Working in publishing, I know how difficult it can be to come up with the perfect jacket for a book. There are a lot of people involved in the process: the author, editor, publisher, designer, marketing, sales, sometimes the agent. You can sometimes go through a dozen different ideas and variations (sometimes more) before you find something that everyone can agree upon. A daunting task to say the least. But I have to say, the team who worked on Holy Ghosts nailed it from the get go. The layout and font were perfect as was the placement of the photos. There was just one caveat. The initial incarnation of the jacket featured a full-length photo of my family’s house. The cover looked amazing! But having our house splashed on the cover of the book made me a bit uncomfortable. Holy Ghosts is already a pretty intimate book already; it had to be in order to tell the story the right way. I just wasn’t sure I wanted it to be that intimate.

My family and I thought about it quite a bit and in the end felt like it was too much so after talking to my editor the cover went back for a redesign. About a month later I received an email with a PDF of the new jacket and I was blown away. It was the same exact design but with a stock photo of an old house. It looked amazing, but not as good as it did when I saw my first copy of the actual, printed book. The cover just radiates and I don’t know how the designer did it, but the colors and the fonts and the photos and their placement makes the jacket look like it’s glowing. I’m really grateful for the care everyone involved in creating such a great cover.

What book do you wish you had written?

This is my third book and if you had asked me this question about the two books prior to this one I would have given you a laundry list of things I would have done differently.
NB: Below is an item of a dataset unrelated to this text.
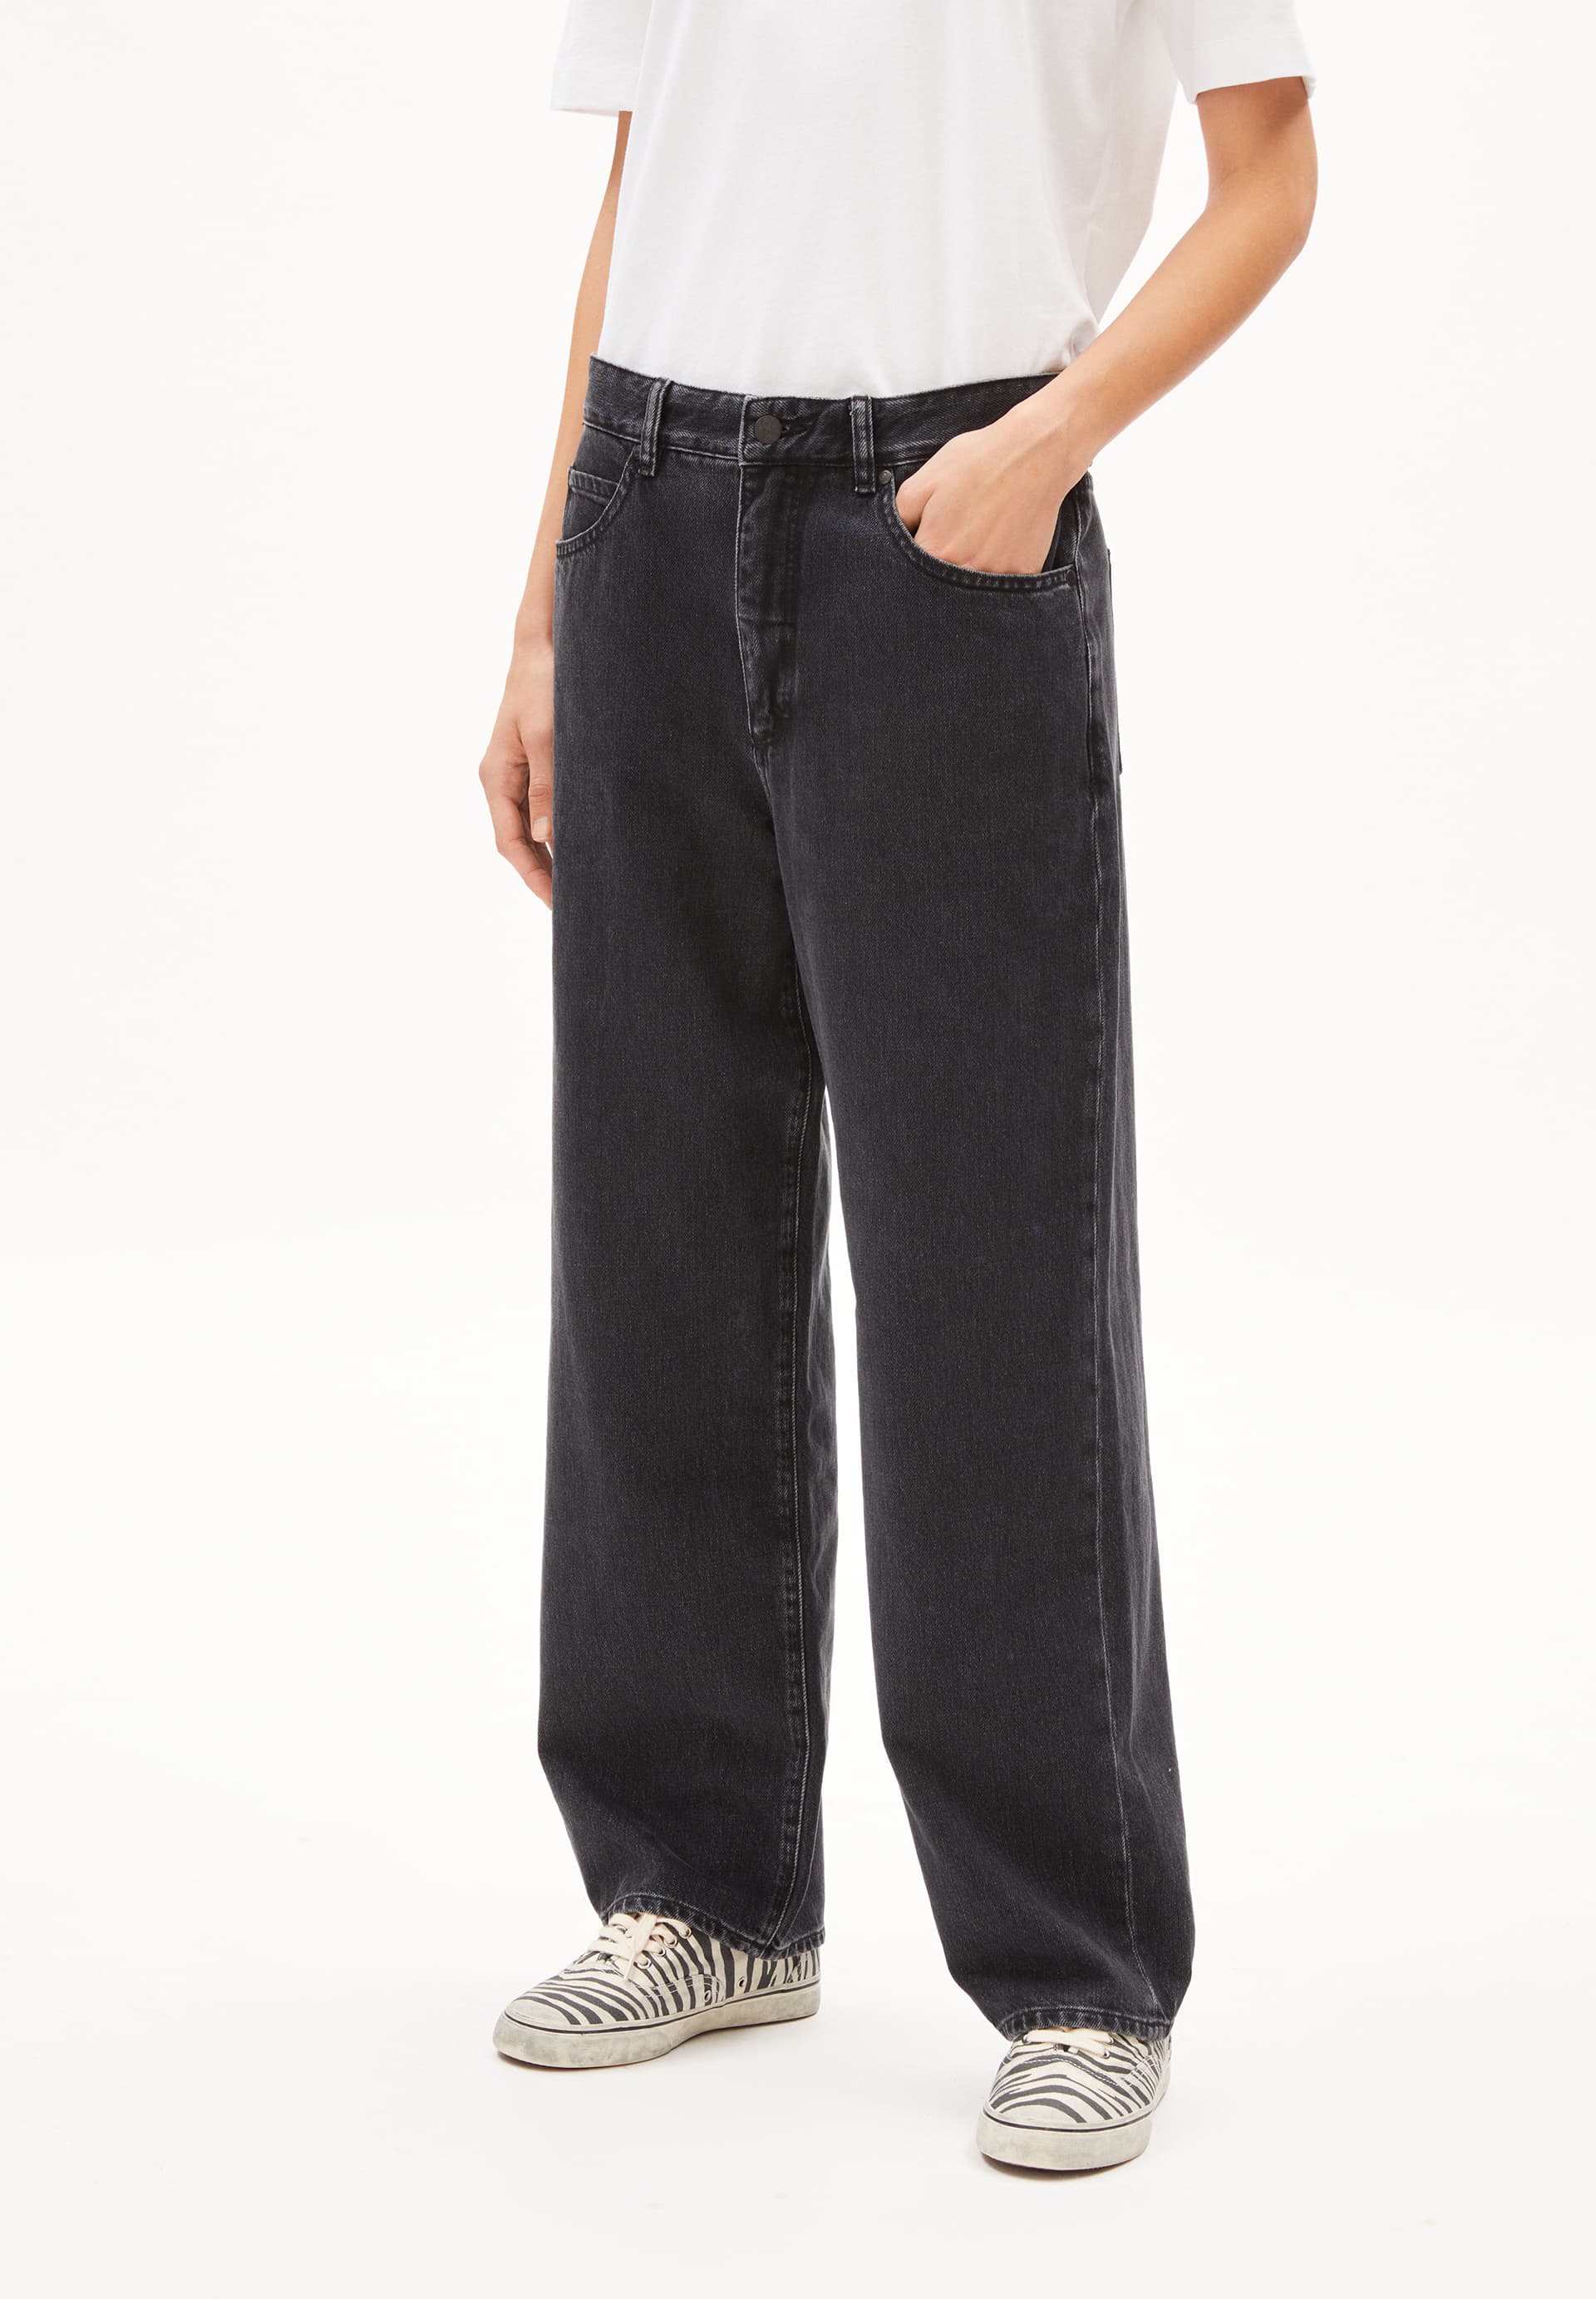 HAAYI Baggy Fit Denim made of Organic Cotton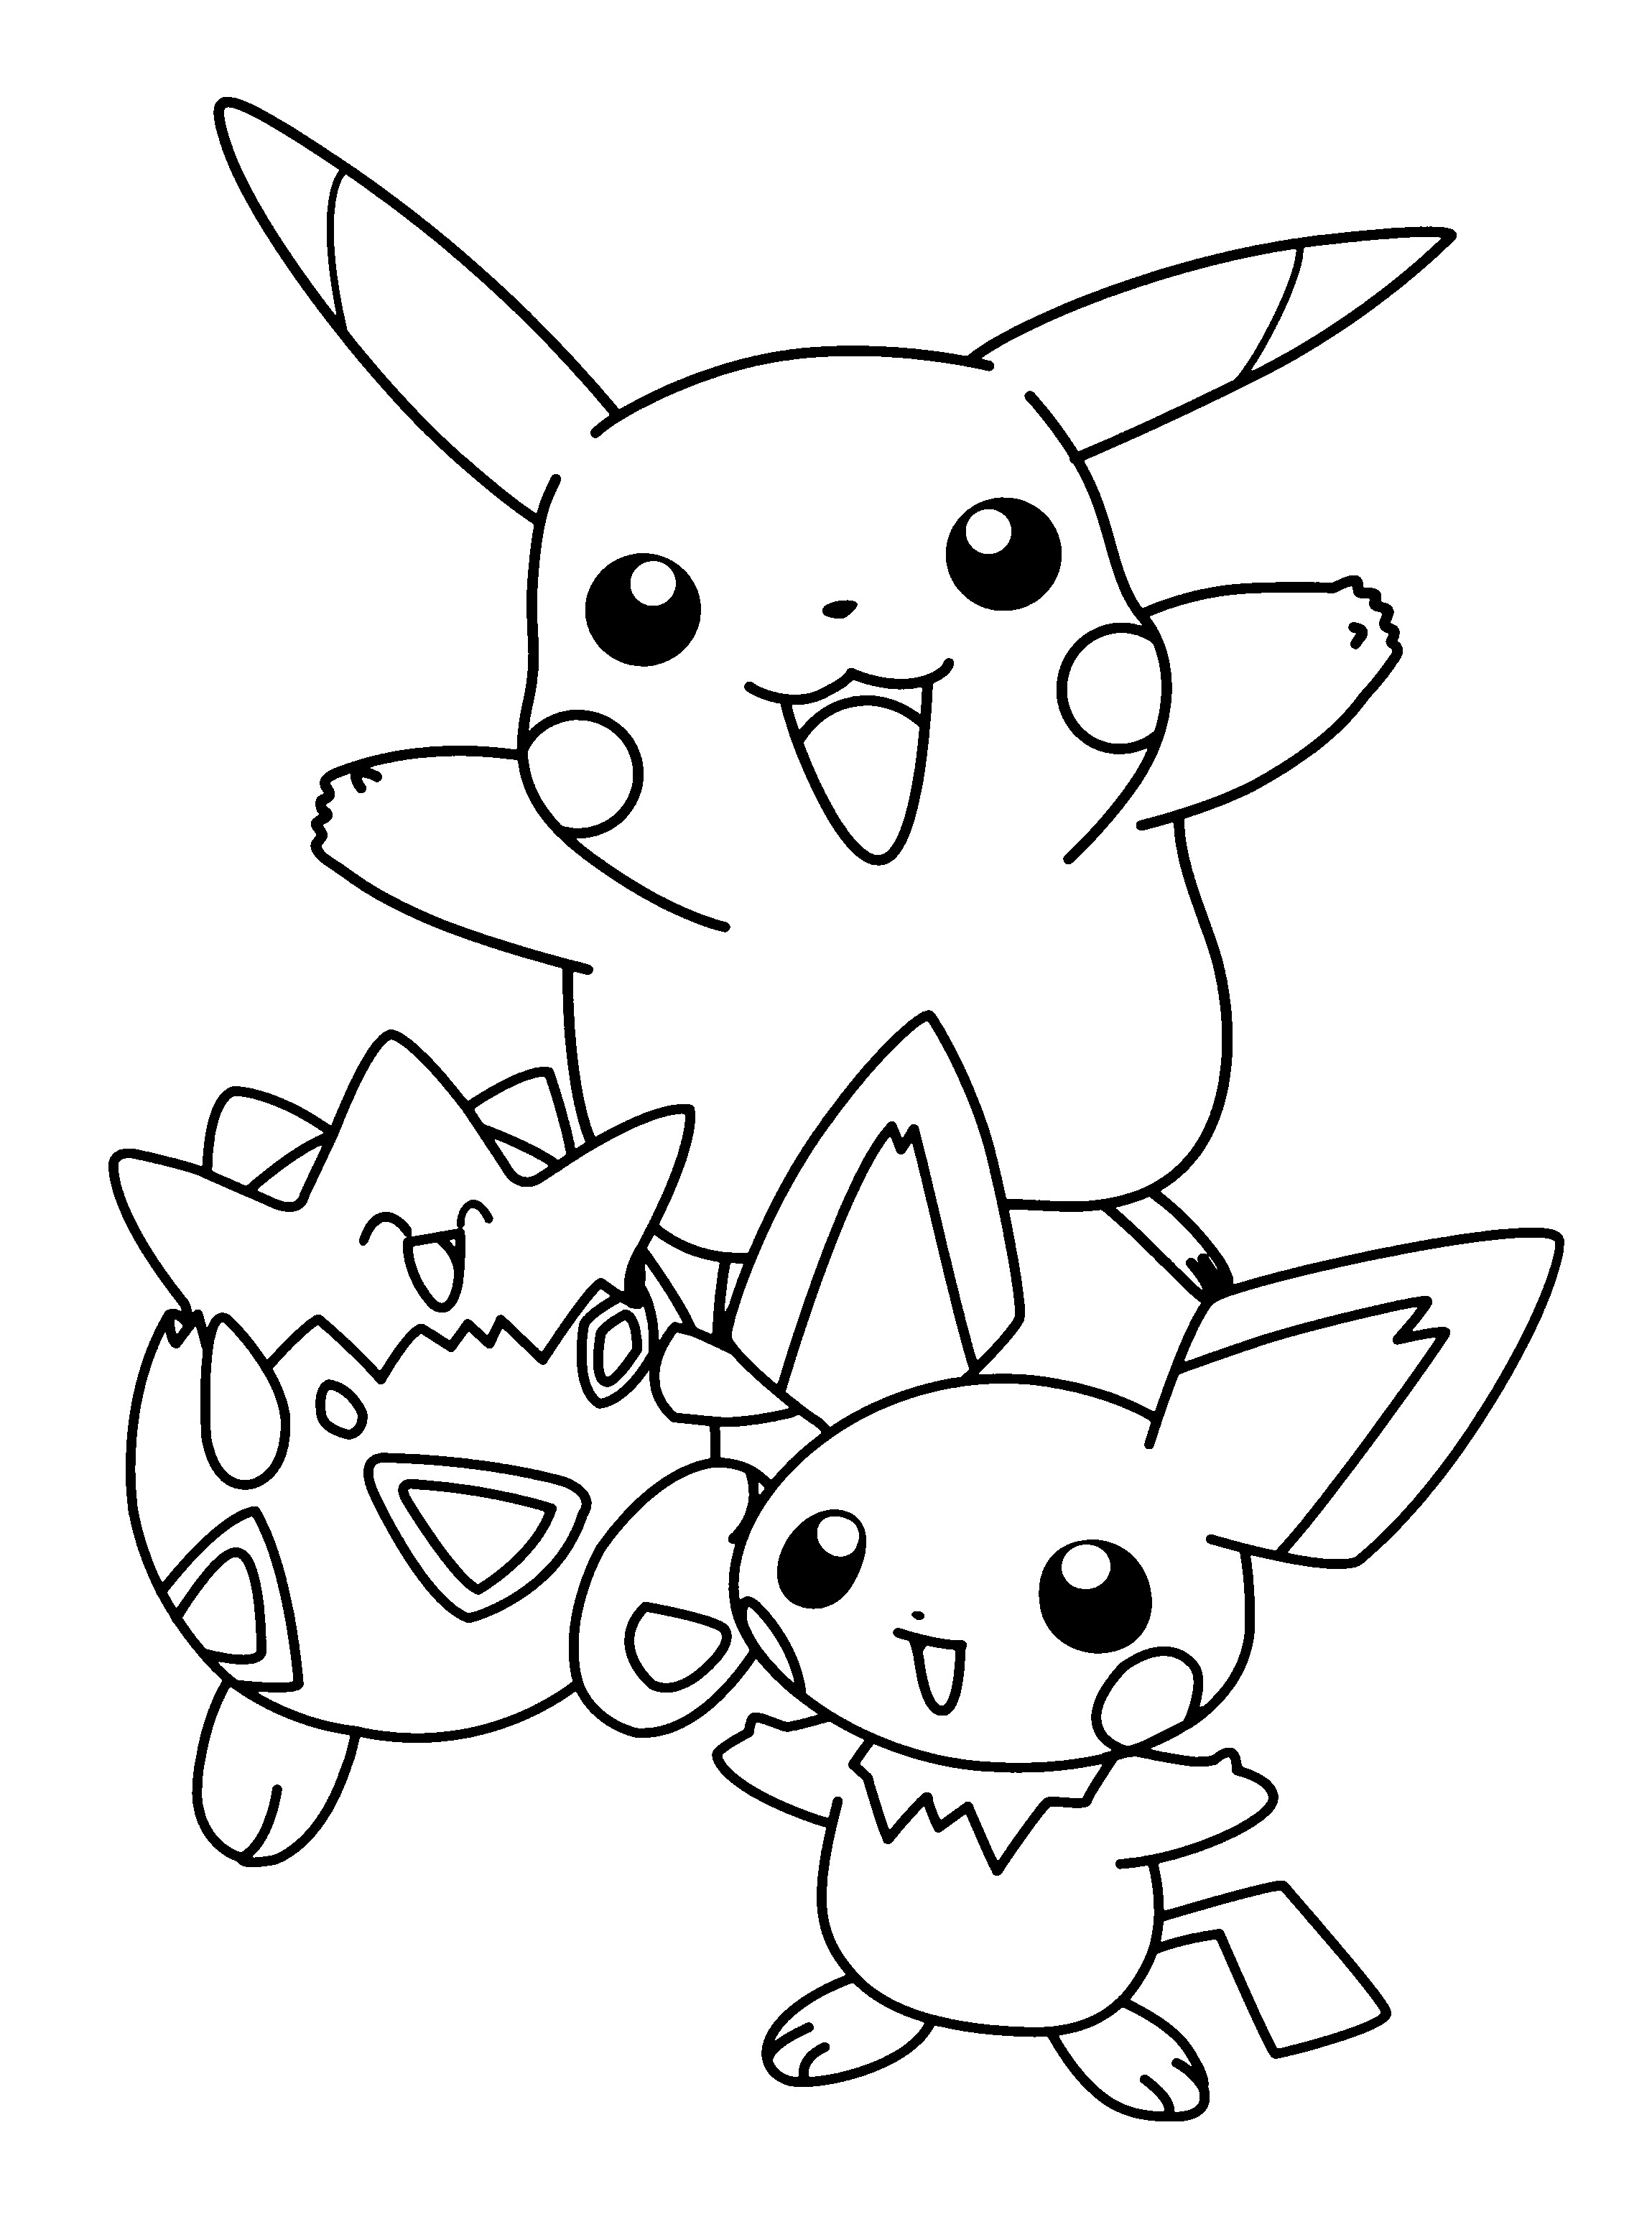 pokemon-friends-coloring-pages-of-pokemon-friends-coloring-pages Pokemon Friends Coloring Pages Cartoon

But Holy Ghosts was really a miracle for me in that it was the book where I found my true voice. This is my most personal writing to date. Though this book is a ghost story it is very much a memoir so the writing had to be personal. It’s a serious book, but anyone who knows me knows I’m a bit of a smartass and I make lots of mistakes because I can be stubborn or just clueless sometimes. That comes through in the book, I hope, not in an annoying way, but just in an ordinary way. Moreover, I wanted the book to have a certain feel to it, like you were meeting me for the first time and you, the reader, and I were stuck late at night in an airport somewhere while a storm grounded all flights and I just started telling you over a couple of beers about the odd events that happened to me a few years ago and how they mirrored events that happened to me while I was a child. I’d probably never see that person again, but I wanted that person, the reader, to never forget the story.

What’s next?

You know, I’m not really sure. I’ve caught a bit of the unexplained mysteries bug and have been reading a lot about paranormal and supernatural phenomenon since I wrapped up Holy Ghosts. Does that mean I’ll be writing about these things again in the future? It’s really hard to say at this point, right now I’m just soaking up as much information as I can. There has been an idea for a novel I’ve been playing around with about an American soldier who moves to Paris after the end of World War I. It’s a supernatural thriller and that’s all I can say right now. You really have to have the right chops to pull off a novel so maybe I’ll be spending the near future trying to hone those skills. Writing is very important to me so I want to improve my technique as much as possible.

There is a secret to great writing which I’ll reveal to you right now. Actually this doesn’t come from me, but something novelist John Irving said. I’ll paraphrase his words: “I am a good writer, but I’m a better rewriter.” For me, I want to work on not only my writing skills, but my rewriting skills as well. It’s in the rewriting that an author really shines.